Kai Ryssdal: Commentator Angela Glover Blackwell.

Angela Glover Blackwell: But over time, that bold spirit seemed to leak away. Soon, politics took over the way we spend money on transportation. We entered an age that pleased car-loving, middle-class, suburban voters — and created a nationwide system of haves and have-nots. Elevated highways left gashes through poor, black urban neighborhoods. Super highways kept sprawling into the exurbs.

We forgot that smart, effective, affordable transportation options are what make America run. We need to be fairer and smarter about the way we think about transportation. Instead, many in Congress are labeling crucial transportation projects as “pork,” and are eagerly threatening deep cuts that can hurt transit systems that are just barely getting by. And that’s on top of the drastic cuts already happening at the city and state level.
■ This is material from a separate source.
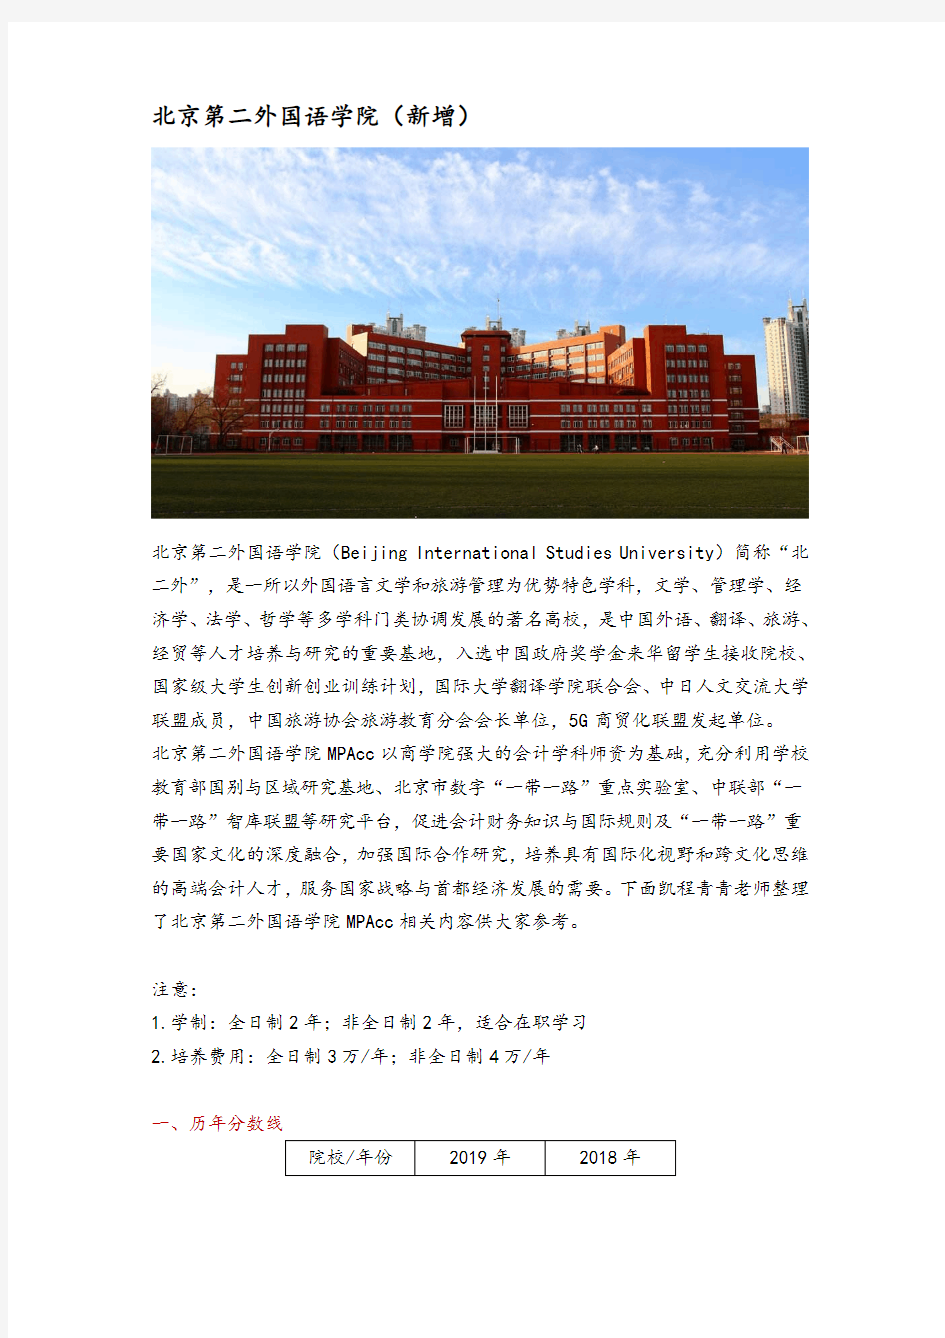 北京地区会计硕士(MPAcc)院校分析—北京第二外国语学院

More than 90 percent of all transit systems had to cut service or raise fares last year. That’s a double whammy for poor people who rely on public transit. Millions of working people have to walk farther to the bus stop and pay more when they get on. And the people being laid off by the public transit systems — the bus drivers, the ticket booth operators, the mechanics — are disproportionately people of color. Black unemployment is nearly double the rate of whites.

But the good news is that transportation investments pay off — now and in the future. They create jobs. They get people to their jobs. And investments in public transit pay off even more — creating more construction and operating jobs per dollar spent than comparable highway projects. Transportation is the engine that powers our economy. Let’s make sure it connects and serves all Americans.


Ryssdal: Angela Glover Blackwell is the president of the research group Policy Link.